Posts that _should_ remain friends-locked can be handled by 
putting them under general friends-lock and tagging them so
that the people permitted to see them can choose whether to
filter them out or not; and any filters that are for the
privacy and/or convenience of the poster rather than opt-in
filters for the convenience of their readers, would still be
handled as custom trust-filters as they are now.  AFAICT,
there's all win and no lose here, doing this with tags, as
long as this doesn't put unexpected strain on the database.

This, really, is exactly what I expected tags to be when they
were first announced, and have been waiting to see ever since.



As long as I'm nattering on about tags, a question:  the 
last time I crawled through the API docs (long after tags
were added, but several months ago by now), I was unable to
find any way for a client to set tags at posting time.

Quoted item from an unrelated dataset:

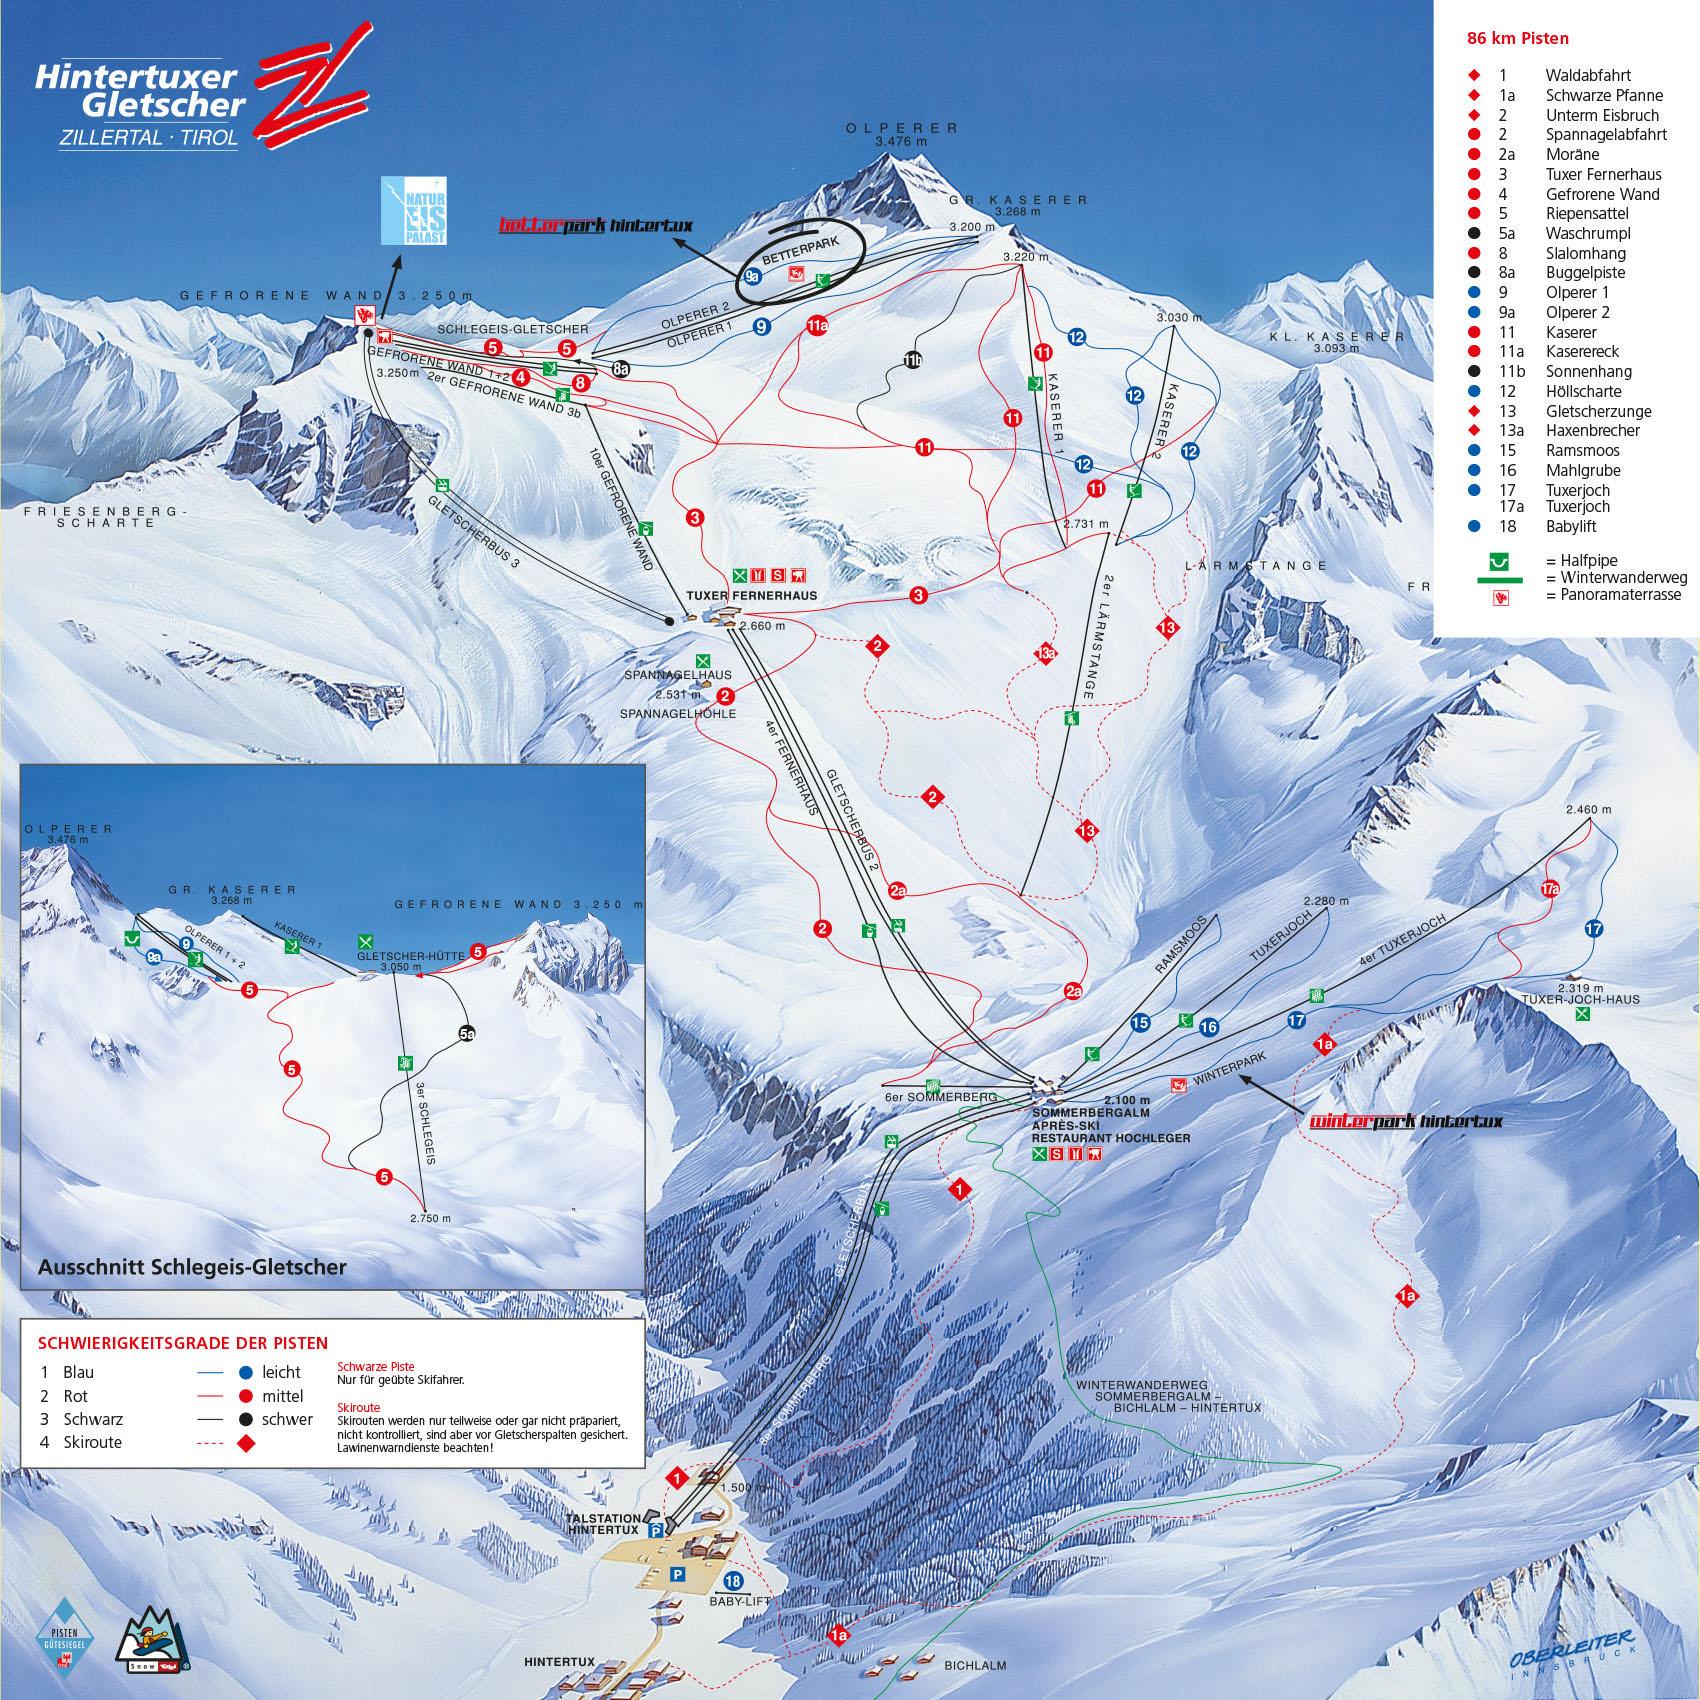 Pistenplan - Hintertuxer Gletscher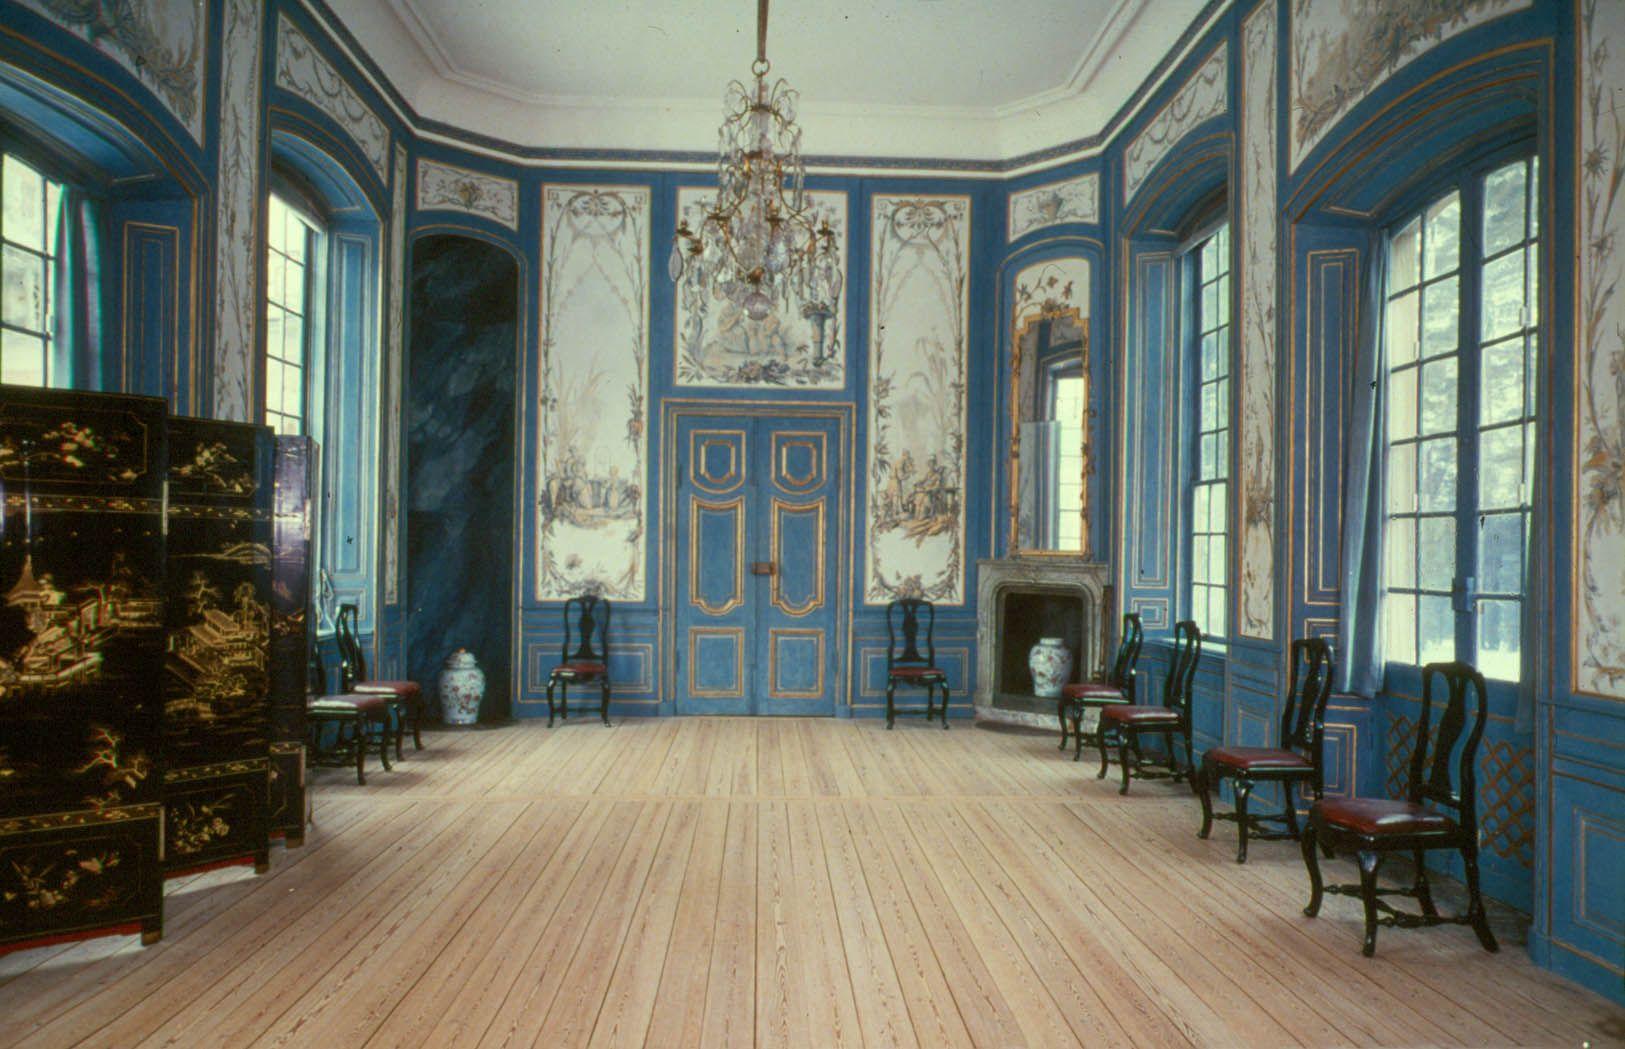 Pin By Maj Britt Burling On Swedish Rooms And Houses Pavillion Swedish Interiors Palace Interior

The main reason I _stopped_ using tags was that it was too
much of a PITA to go back in my browser and add tags by
hand after posting using Clive (a nuisance compounded by
my crossposting to multiple sites).  I _think_ I understand
how to add a tag option to Clive if I know the property to
set and its syntax.  Has that been added to the docs yet, 
or does someone who's had their fingers in the code recently
happen to remember seeing what I'm looking for?